Brussels still fails to understand what Europe really is
According to Gennari, the underlying mistake is cultural before it is economic. He emphasized that Europe is neither a mining nor an energy superpower and cannot rely on abundant domestic raw materials in the way that the US, China, India or Russia can. Instead, he described Europe as a world-class manufacturing platform whose prosperity depends on thousands of companies that process, transform and add value to steel products, generating employment, innovation and competitiveness. However, he said that Brussels continues to regard imported coils and semi-finished steel products as a threat while overlooking the fact that such imports enable European manufacturers to remain competitive internationally.
The numbers nobody wants to acknowledge
Gennari noted that Europe’s primary steel industry employs around 300,000 people, while downstream steel processing and manufacturing industries employ nearly three million.
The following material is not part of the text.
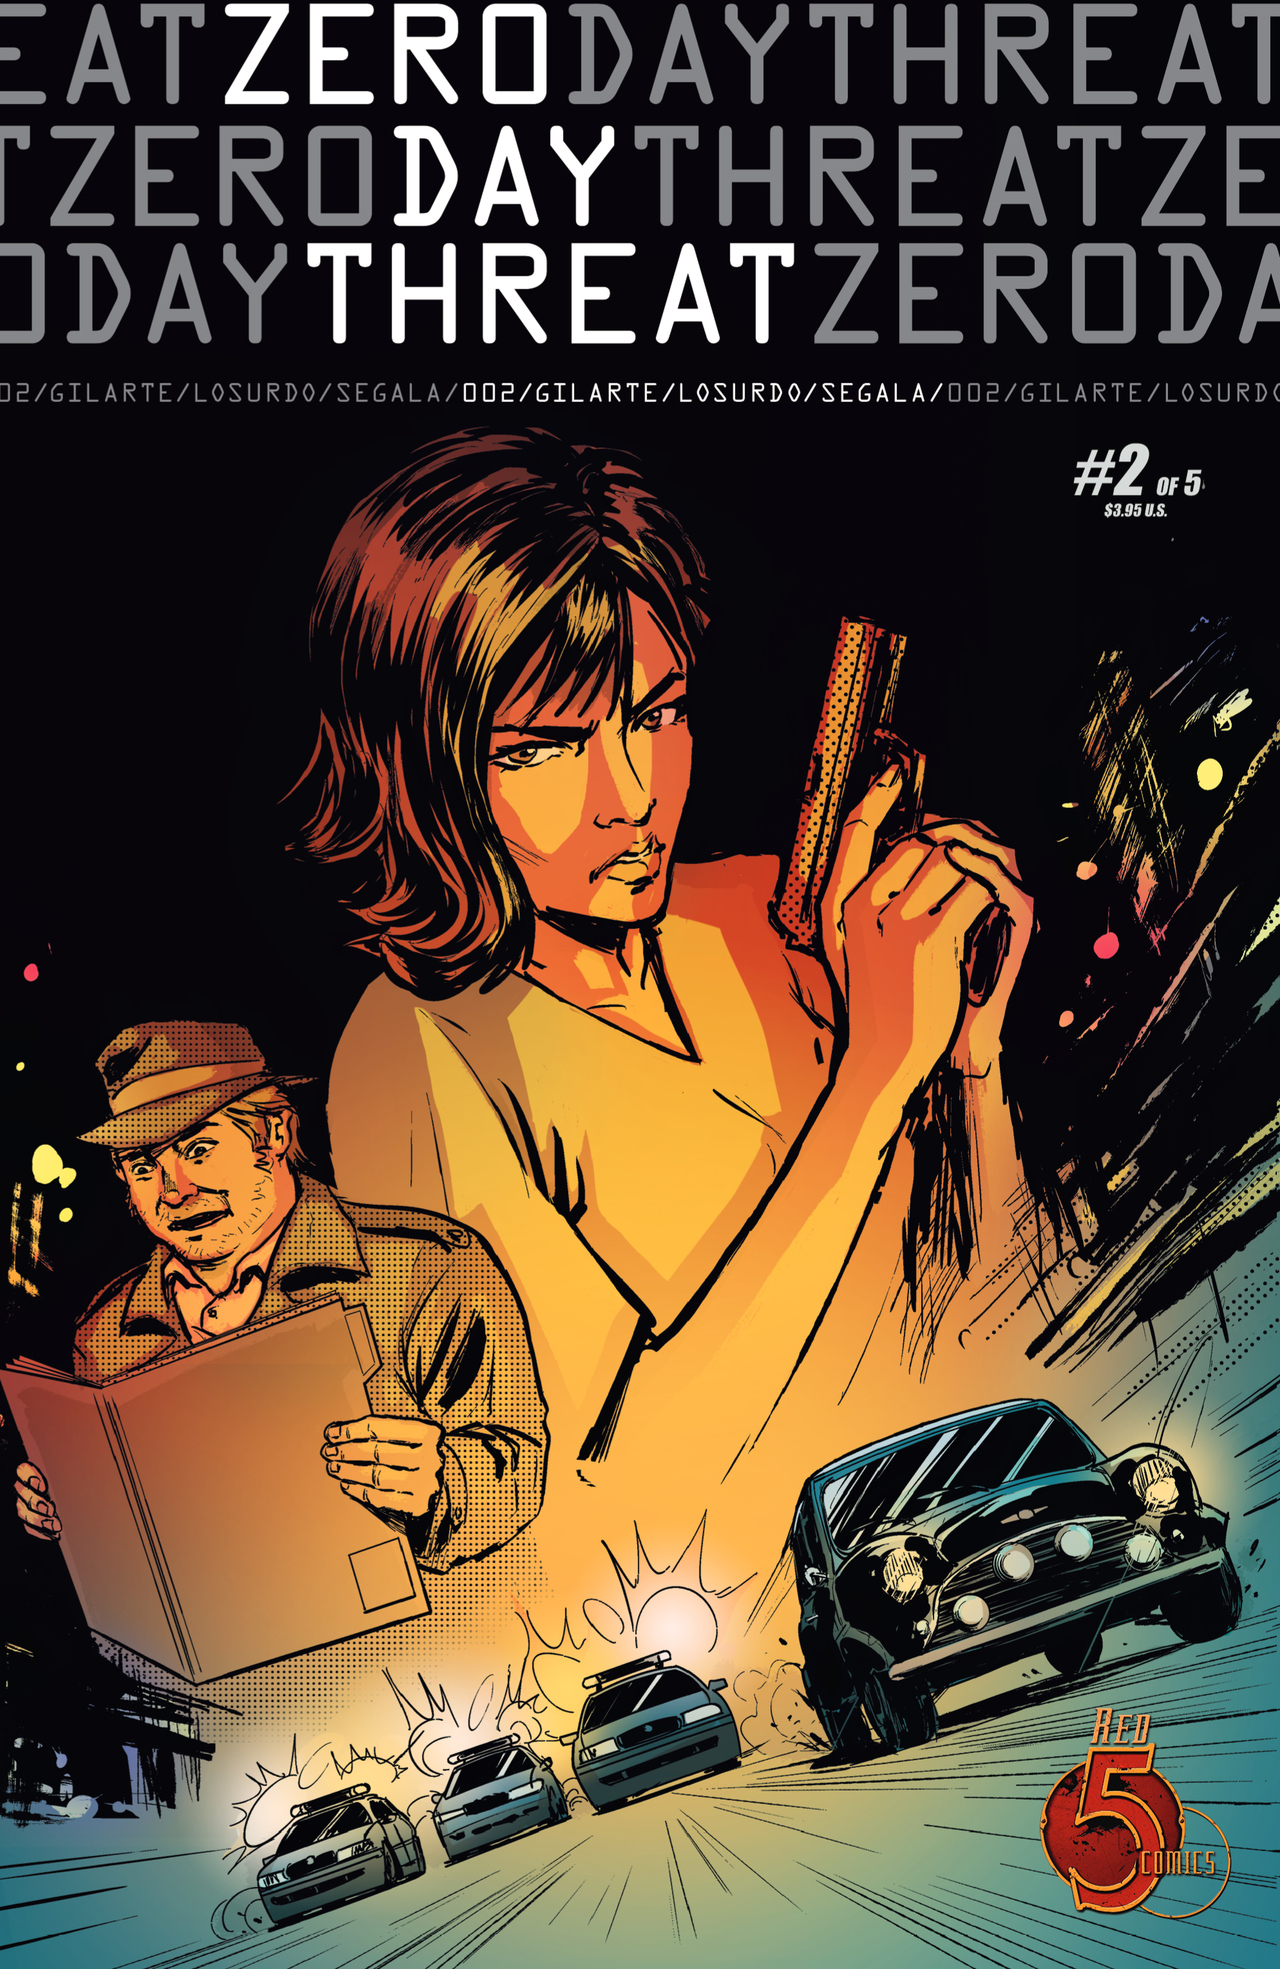 Read online Zero Day Threat comic -  Issue #2 - 1
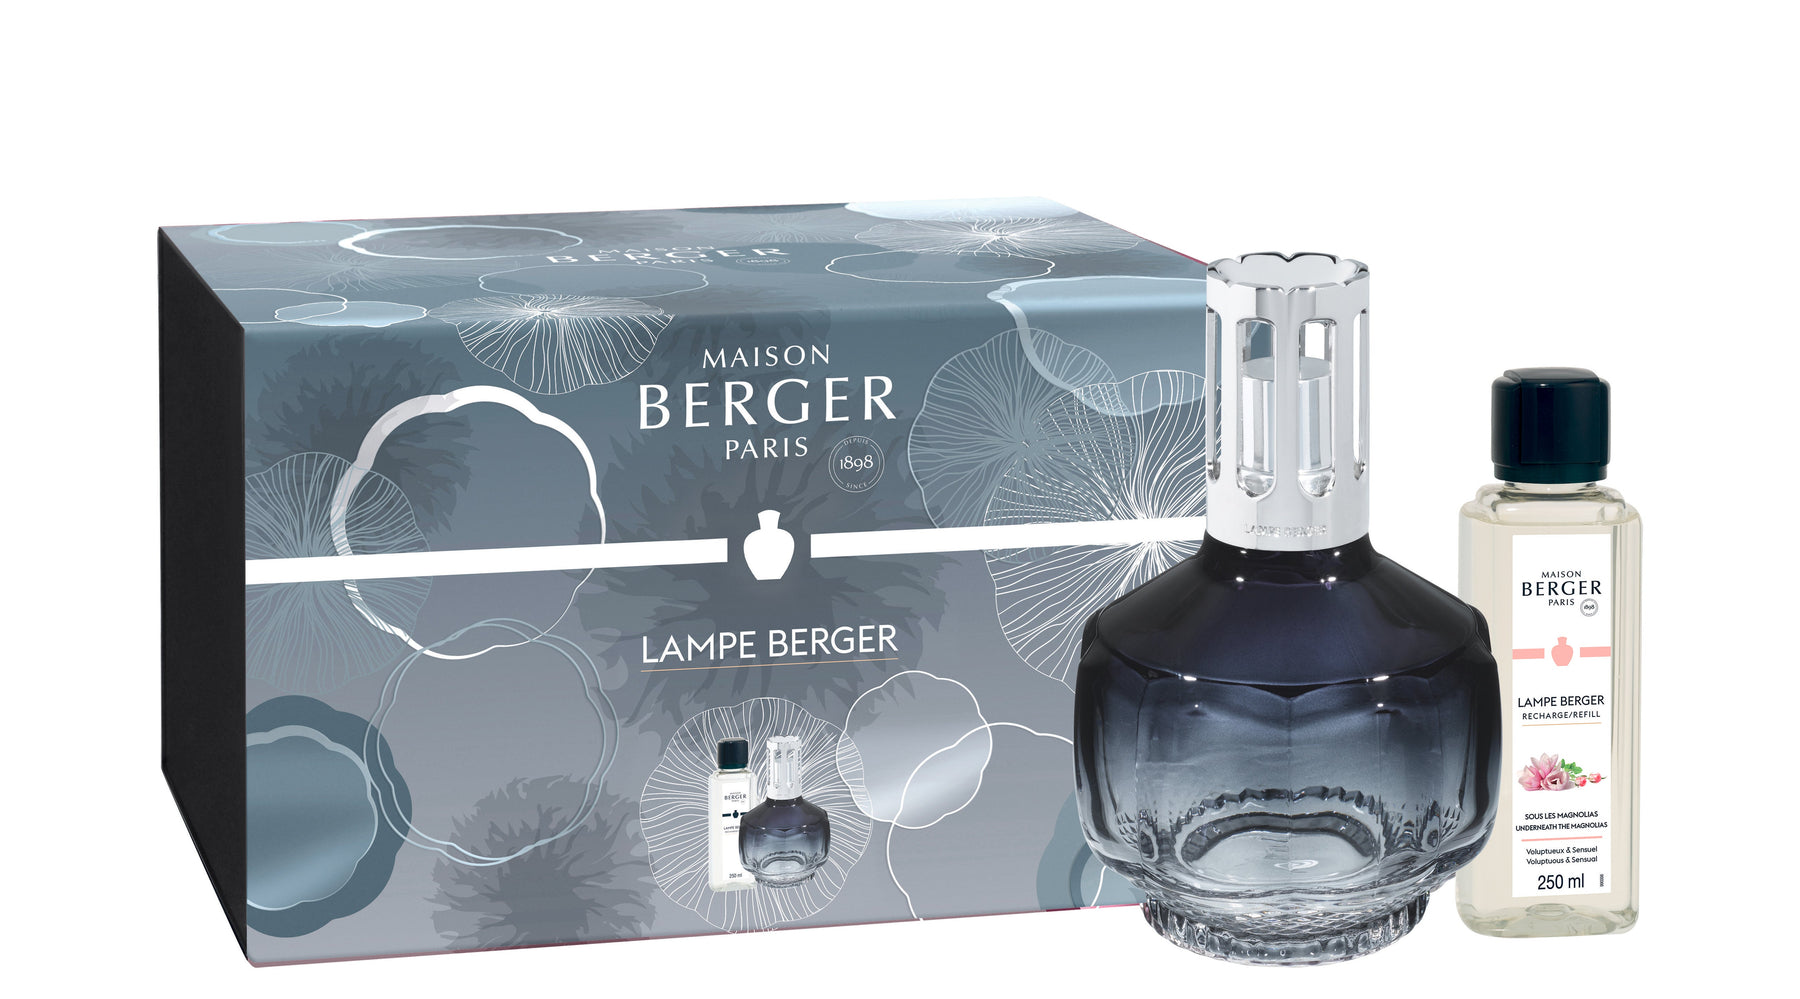 Lampe Berger Molecule Lamp Gift Set - Night Blue by Maison Berger

He stated that these figures demonstrate where Europe’s strategic interests lie and warned that protecting only primary steel production while penalizing companies that consume steel risks weakening millions of jobs, thousands of small and medium-sized enterprises and one of the most important pillars of European manufacturing.
The real threat is not semi-finished steel
He further argued that imported coils and semi-finished steel products are not the real threat because they supply European factories. Instead, he said that steel-intensive finished products imported from outside the EU continue to enter the European market with relatively few restrictions, replacing European manufacturers and putting downward pressure on prices. According to Gennari, this is where unfair competition exists and where policy measures should be focused.
The solutions already exist
According to Gennari, Europe’s steel value chain is not seeking protectionism or special treatment but rather clear, predictable and consistent rules. He stated that the industry requires realistic import quotas based on actual market demand, finalized and timely CBAM rules, stronger controls and appropriate restrictions on steel-intensive finished products imported from third countries, and continuous dialogue between policymakers and industry representatives.
The risk of industrial suicide
Gennari concluded by arguing that Europe continues to portray itself as a global leader in climate policy while steadily losing competitiveness, investment and industrial capacity. He stated that industry requires planning, planning requires certainty, and uncertainty creates fear, paralysis and decline. In his view, the crisis facing the European steel sector has become a genuine industrial emergency, and the key question is no longer whether European industry can adapt to new regulations, but whether there will still be an industry left to protect once Europe finally determines what those regulations will be.